Supreme Court Rule 2, Canon 3 (C)(1)(b) states that a judge should disqualify himself where:

He served as lawyer in the matter in controversy, or a lawyer with whom he previously practiced law served during such association as a lawyer concerning the matter ...

If a judge or a member of his former law firm was involved with the case prior to the judge taking the bench, it is clear that he should disqualify himself.  The Commission assumed that the only business relationship between the new judge and his former law firm is that the former law firm is serving as a collecting agency for attorney fees which were earned by the judge prior to his assuming the bench.

Supreme Court Rule 2, Canon 3 (C)91)(d)(ii) states:

A judge should disqualify himself in a proceeding in which his impartiality might reasonably be questioned ...
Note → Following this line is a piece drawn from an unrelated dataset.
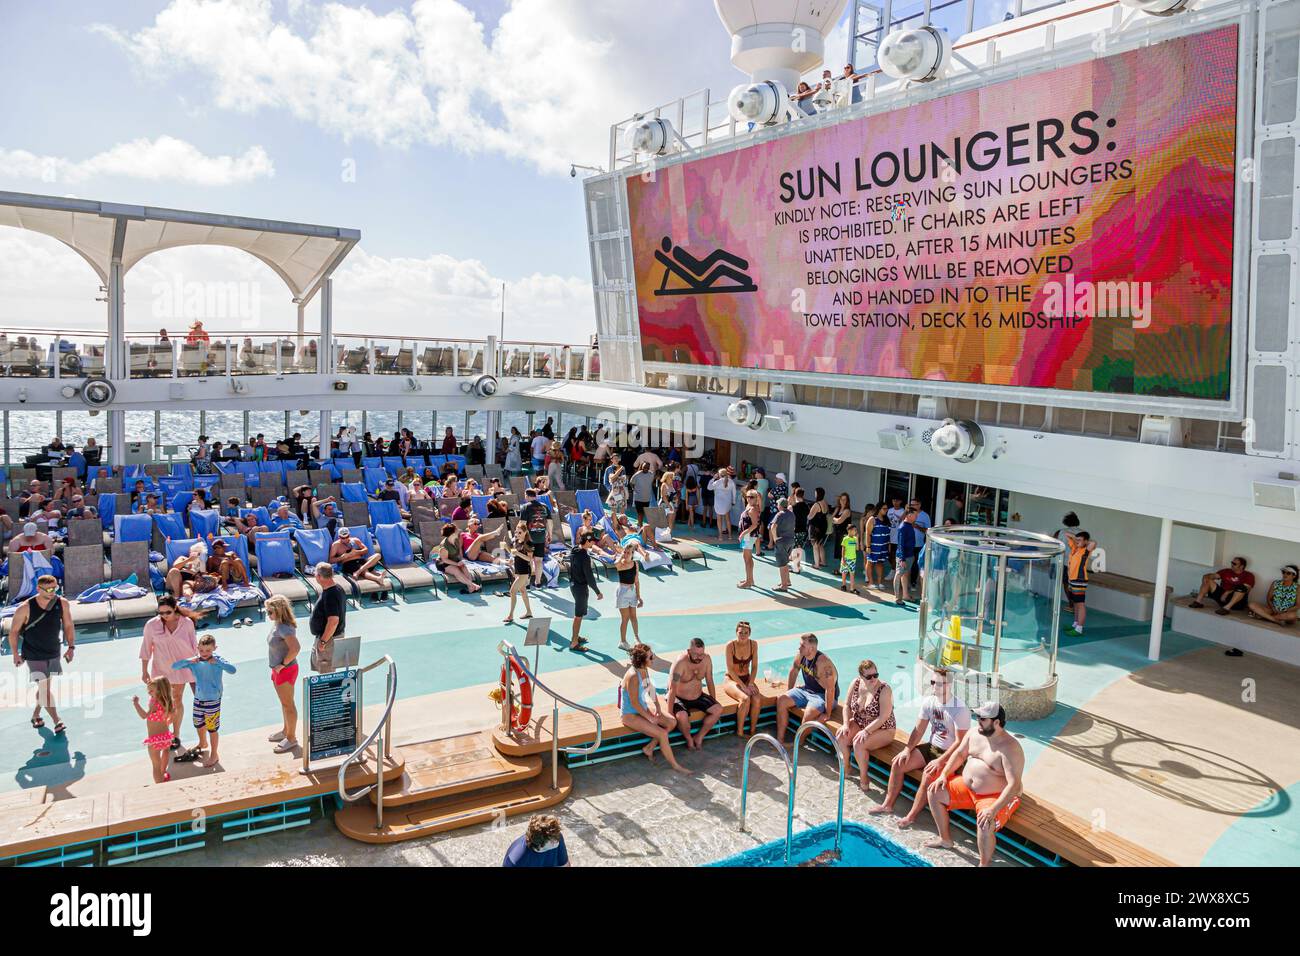 Miami Floride, PortMiami Port de Miami, à bord intérieur, navire Norwegian Joy Cruise Line, 7 jours Caraïbes, piscine, parc aquatique, salon de terrasse c Banque D'Images

In Opinion 143 the Commission determined that when a judge is selling his interest in his law practice to his former associate and is also leasing an office building to his former law associate, he should notify the parties and their attorneys of the business relationship in accordance with Canon 3(D) “remittal of disqualification.” The Commission made this determination based upon the possibility that any fee generated by the former associate’s practice before the judge could be used to pay the judge for the law practice purchase or for rent and thus the judge could be considered to have “an interest that could be substantially affected by the outcome of the proceeding”. [Canon 3(C)(1)(d)(ii)] However, in the present case the only business relationship between the law firm and the judge is that the law firm is collecting back due attorney fees on old cases.  In the opinion of the Commission on Retirement, Removal and Discipline such a minor business relationship is not such that it would be substantially affected by the outcome of new proceedings before the judge. As a result, the judge need not disqualify himself or follow the procedure of remittal of disqualification where the only business relationship between the judge and his former law firm is one where the law firm is collecting back due attorney fees on behalf of the judge.